Thought I’d give Go’s plugin package a try for something. Seems to works fine for the absolutely simple things. But start importing any dependencies and it becomes a non-starter. You start seeing these sorts of error messages when you try to load the plugin:

plugin was built with a different version of package golang.org/x/sys/unix

Looks like the host and plugins need to have exactly the same dependencies. To be fair, the package documentation says as much, and also states that the best use of plugins is for dynamically loaded modules build from the same source. But that doesn’t help me and what I’m trying to do, which is encoding a bunch of private struct types as Protobuf messages.

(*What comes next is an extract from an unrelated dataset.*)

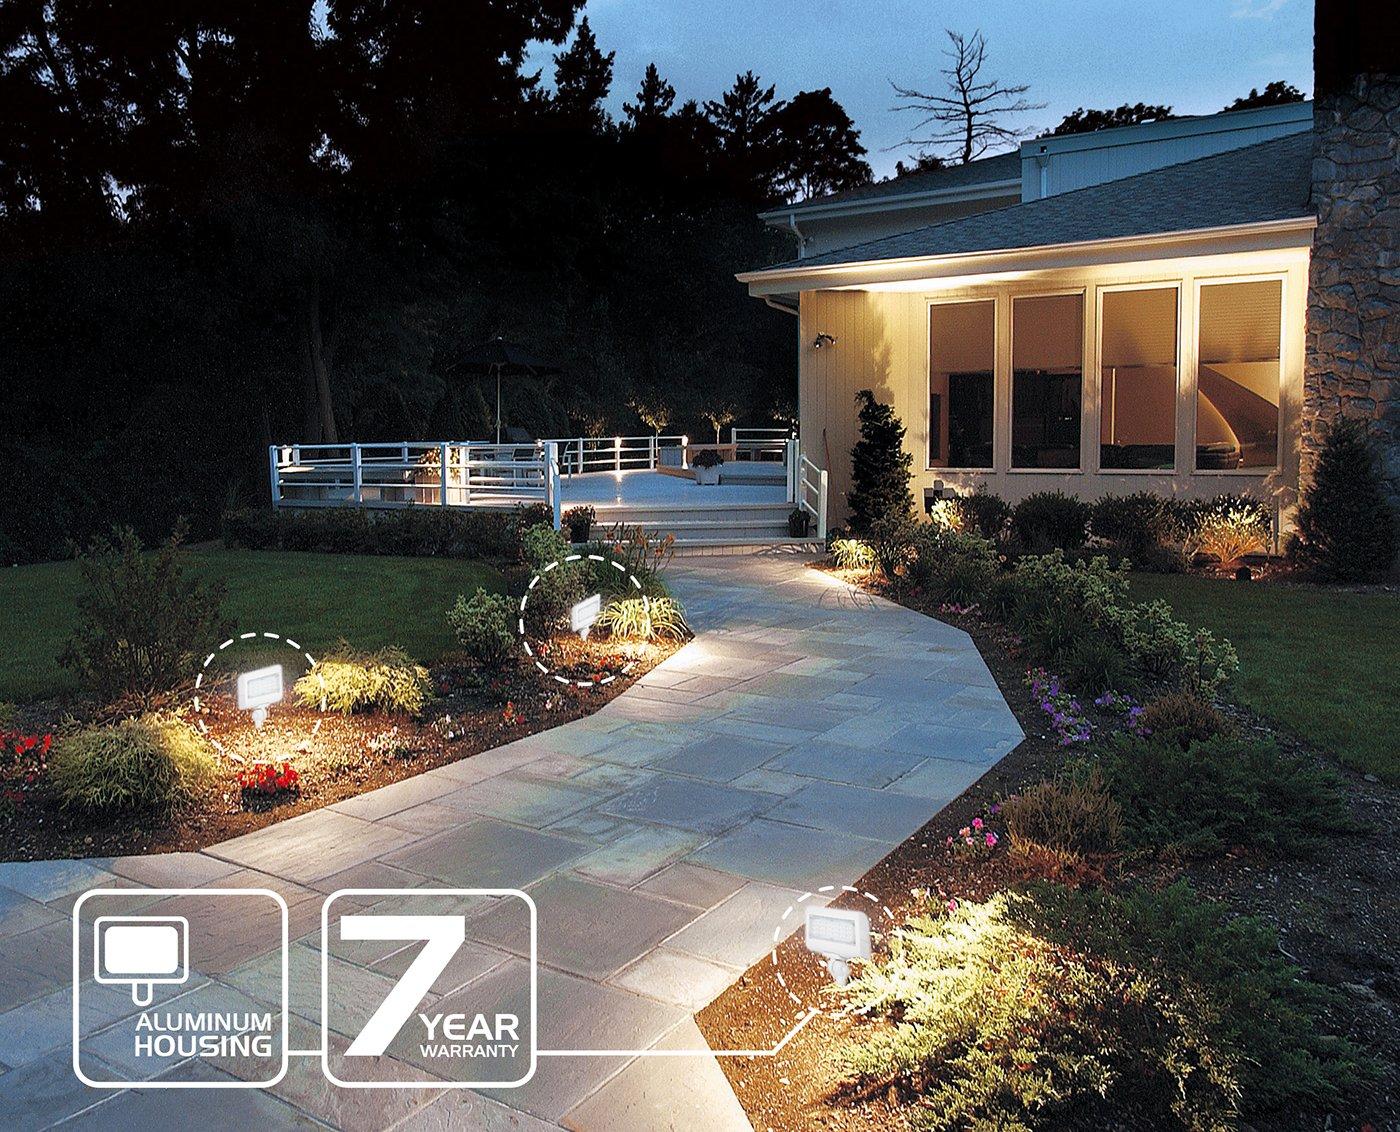 Garden Westgate MFG Yard Best Security Landscape Lights Fixture for Outdoor UL Listed 7 Year Warranty Westgate Lighting LED Flood Light with Knuckle Mount Safety Floodlights 30W, 5000K Cool White
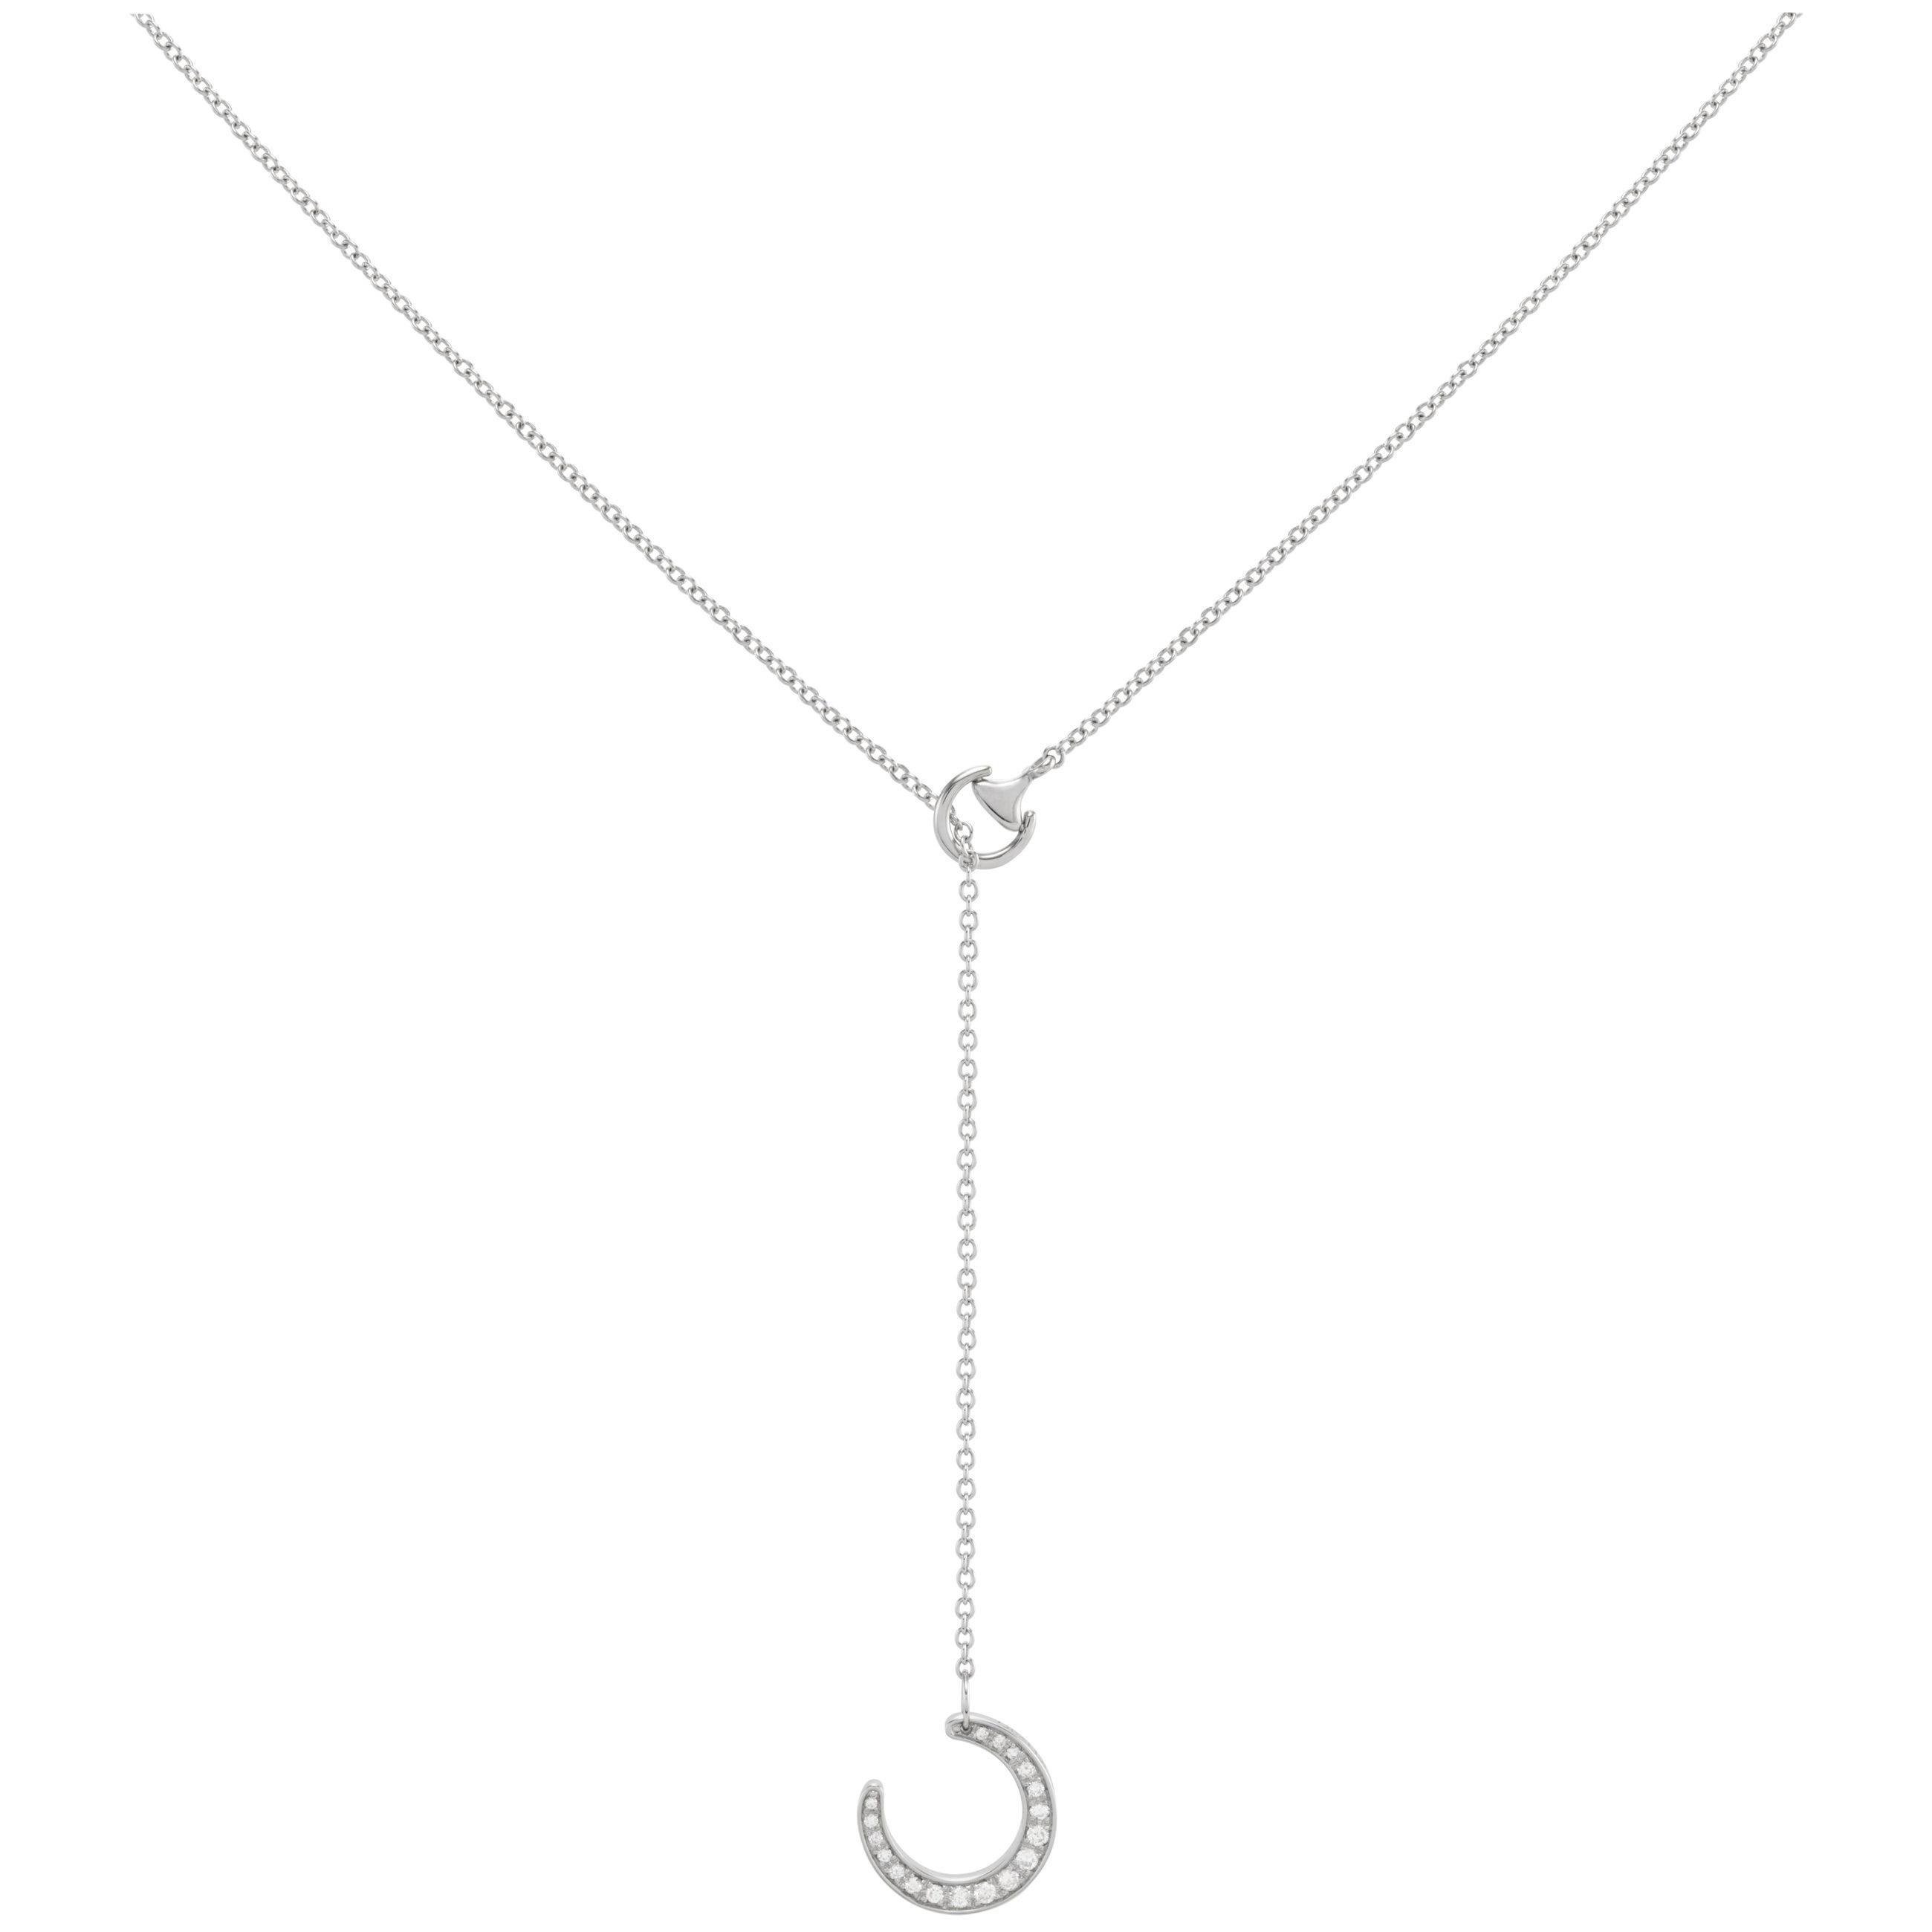 Ubaldi Gioielli 18k w- Gold Equestrian Horseshoe Necklace Pendant Diamonds Pave

So might be that I’ll need to find another approach. I wonder how others would do this. An embedded scripting language would probably not be suitable for this, since I’m dealing with Protobuf and byte slices. Maybe building the plugin as a C shared object? That could work, but then I’d loose all the niceties that come from using Go’s type system.

Another option would be something like WASM. It’s interesting seeing WASM modules becoming a bit of a thing for plugin architectures. There’s even a Go runtime to host them. The only question is whether they would have the same facilities as regular process would have, like network access; or whether they’re completely sandboxed, and you as the plugin host would need to add support for these facilities.

I guess I’d find out if I were to spend any more time looking at this. But this has been a big enough distraction already. Building a process to shell-out to would work just fine, so that’s probably what I’ll ultimately do.